Given information: Begin
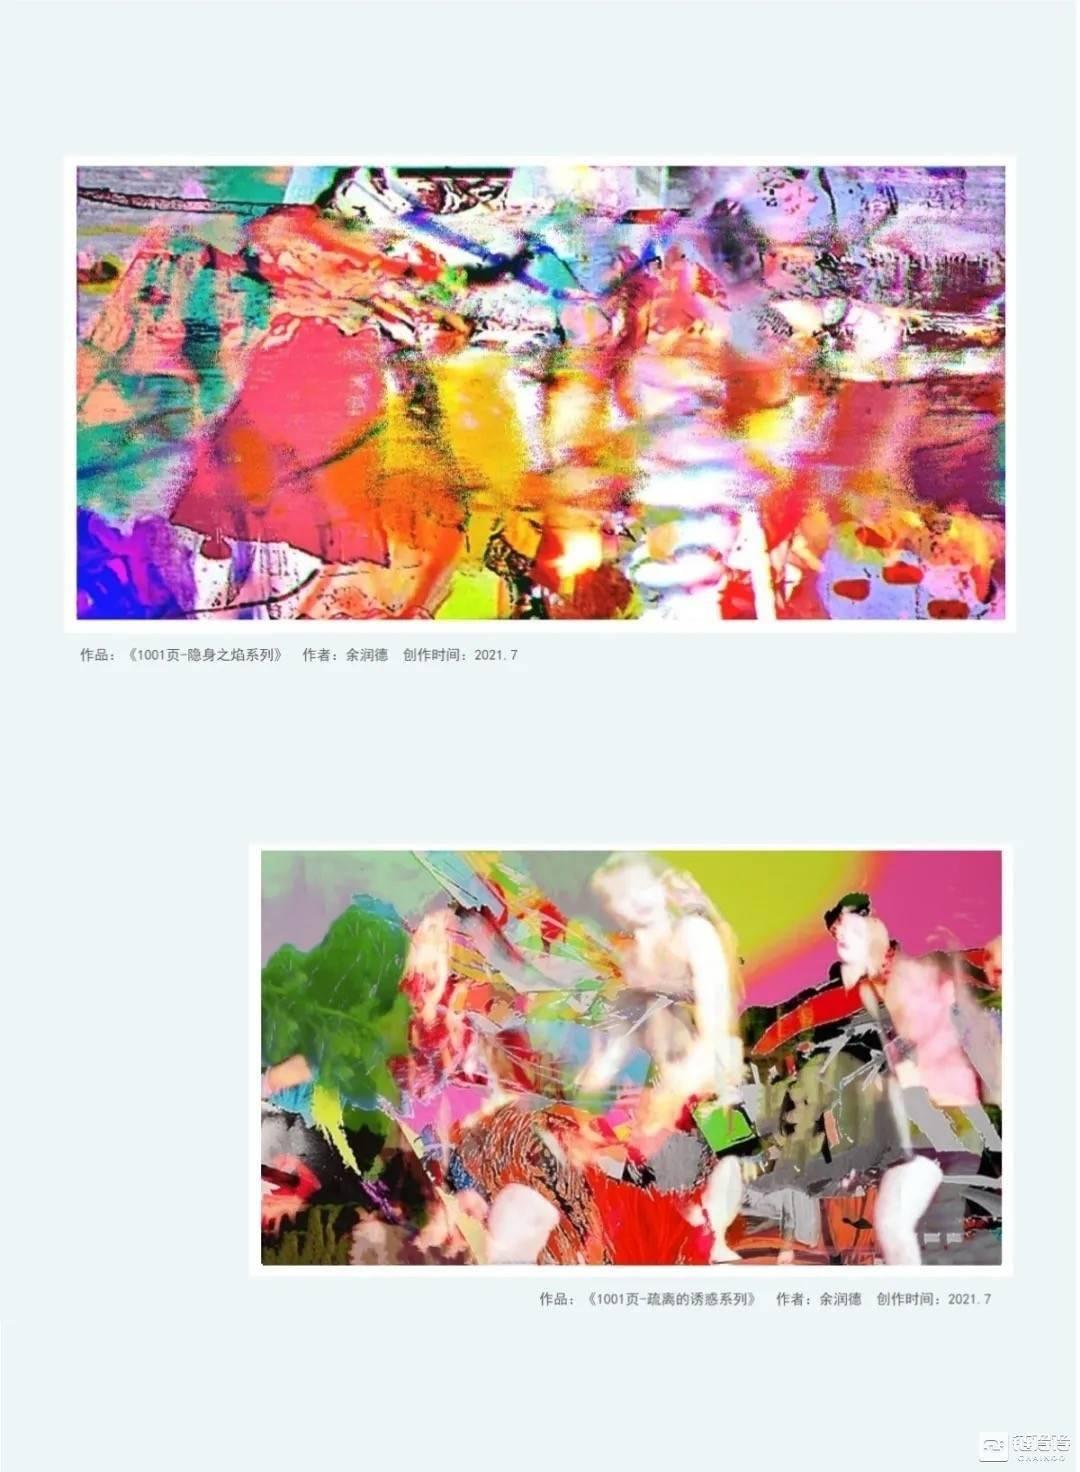 元気星空签约知名艺术家余润德,面向全球首发其NFT作品  第2张 元気星空签约知名艺术家余润德,面向全球首发其NFT作品 币圈信息
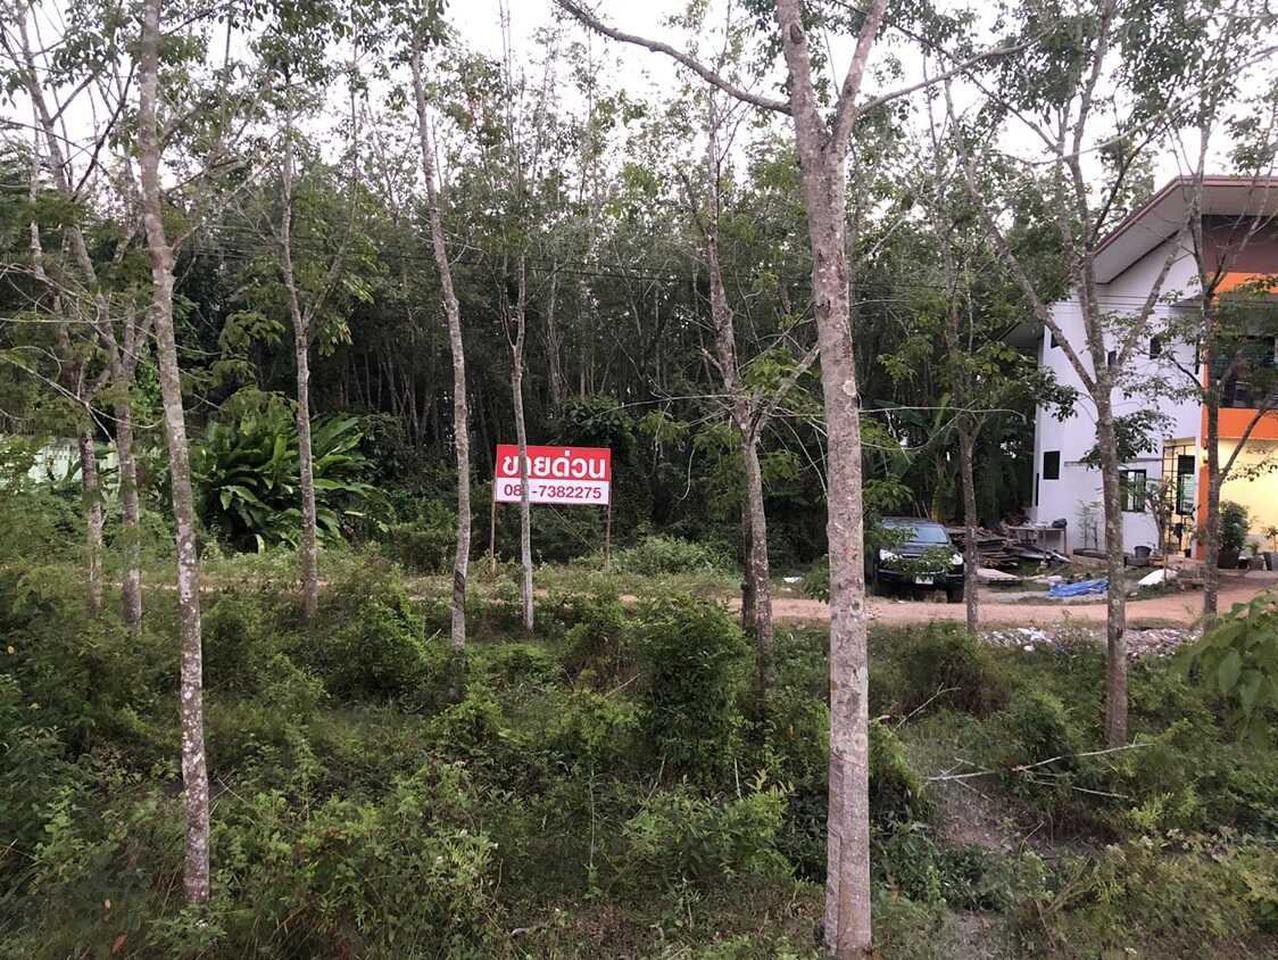 ขายด่วน!!! ที่ดิน พื้นที่ขนาด 94 ตารางวา บ้านหนองนายขุ้ย ไม่ไกลจากถนนใหญ่สายลพบุรีราเมศวร์ อ.หาดใหญ่ จ.สงขลา รูปที่ 6
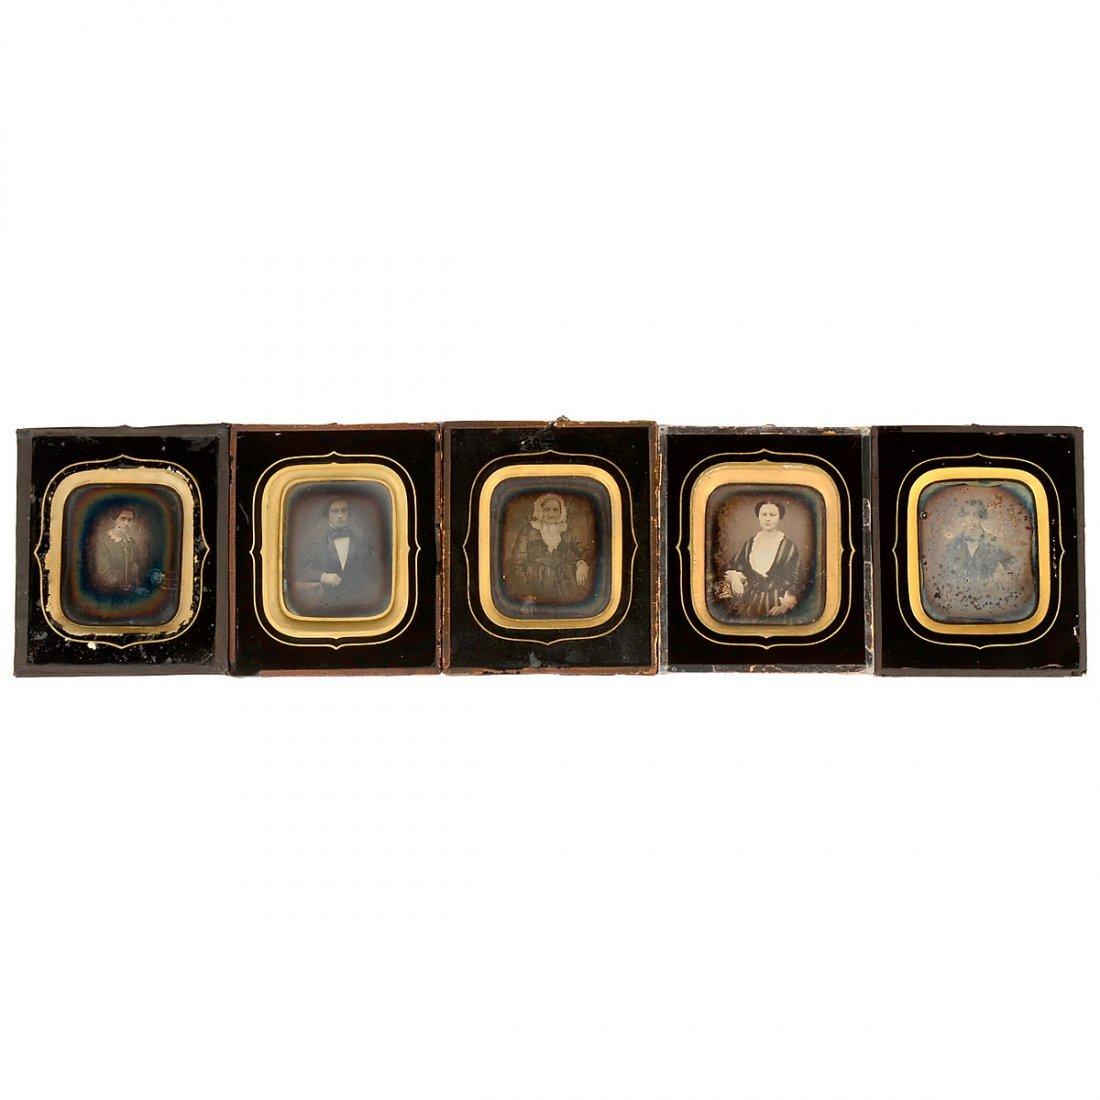 5 Daguerreotypes, c. 1845
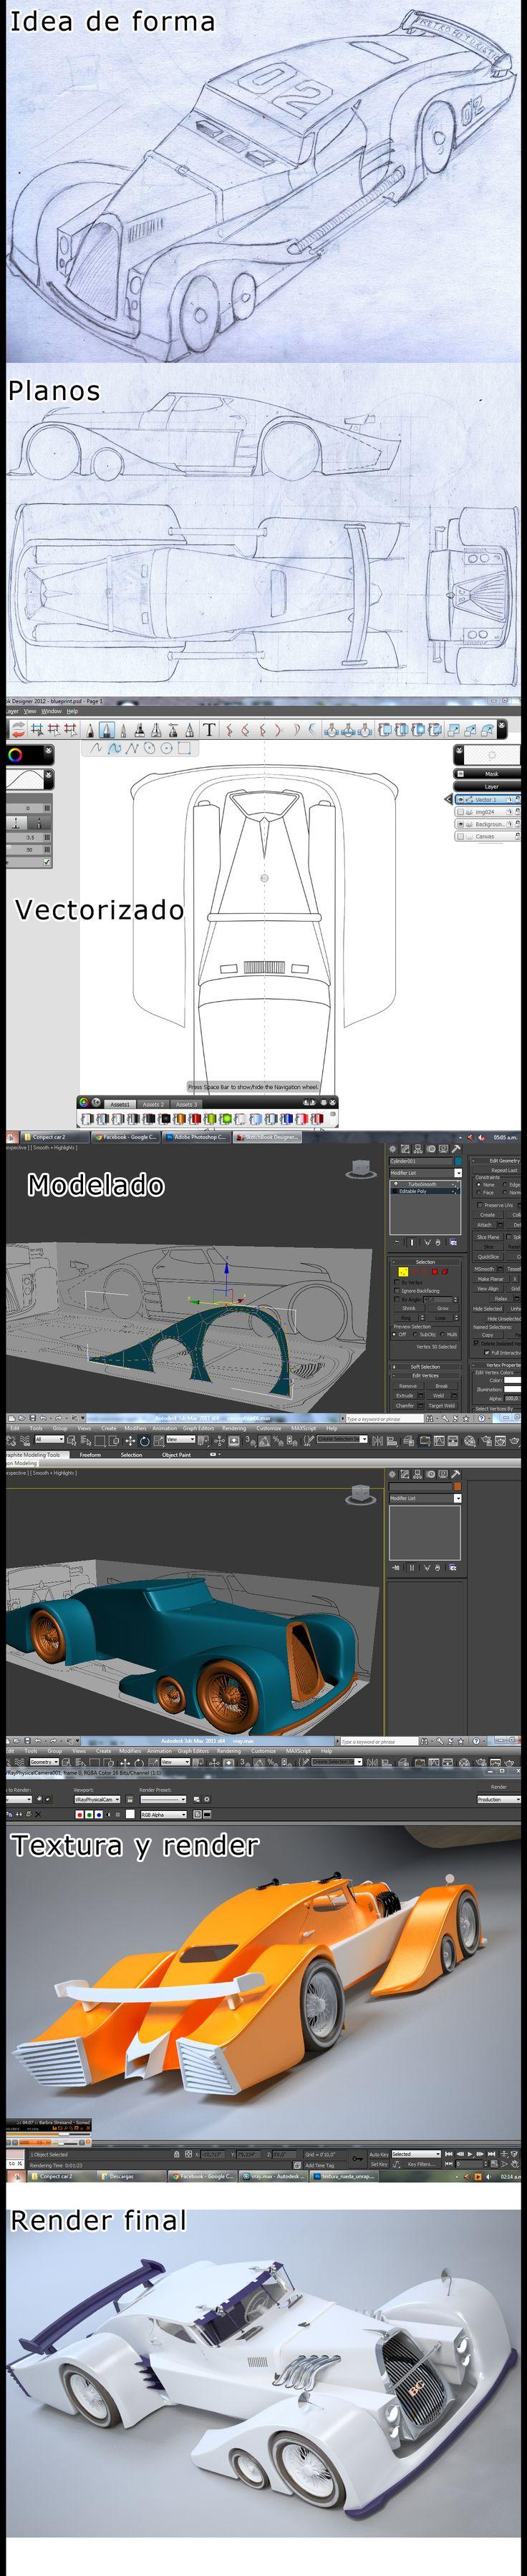 3ds max 2010 v ray 2 40 03 file formats fbx obj dog beds - 3ds Max 2010 V Ray 2 40 03 File Formats Fbx Obj Dog Beds 40
Given information: End
Transcribe the listing above in full and exactly; no pictures belong in the copy.

### Answer to the problem
 元気星空签约知名艺术家余润德,面向全球首发其NFT作品  第2张 元気星空签约知名艺术家余润德,面向全球首发其NFT作品 币圈信息
 ขายด่วน!!! ที่ดิน พื้นที่ขนาด 94 ตารางวา บ้านหนองนายขุ้ย ไม่ไกลจากถนนใหญ่สายลพบุรีราเมศวร์ อ.หาดใหญ่ จ.สงขลา รูปที่ 6
 5 Daguerreotypes, c. 1845
 3ds max 2010 v ray 2 40 03 file formats fbx obj dog beds - 3ds Max 2010 V Ray 2 40 03 File Formats Fbx Obj Dog Beds 40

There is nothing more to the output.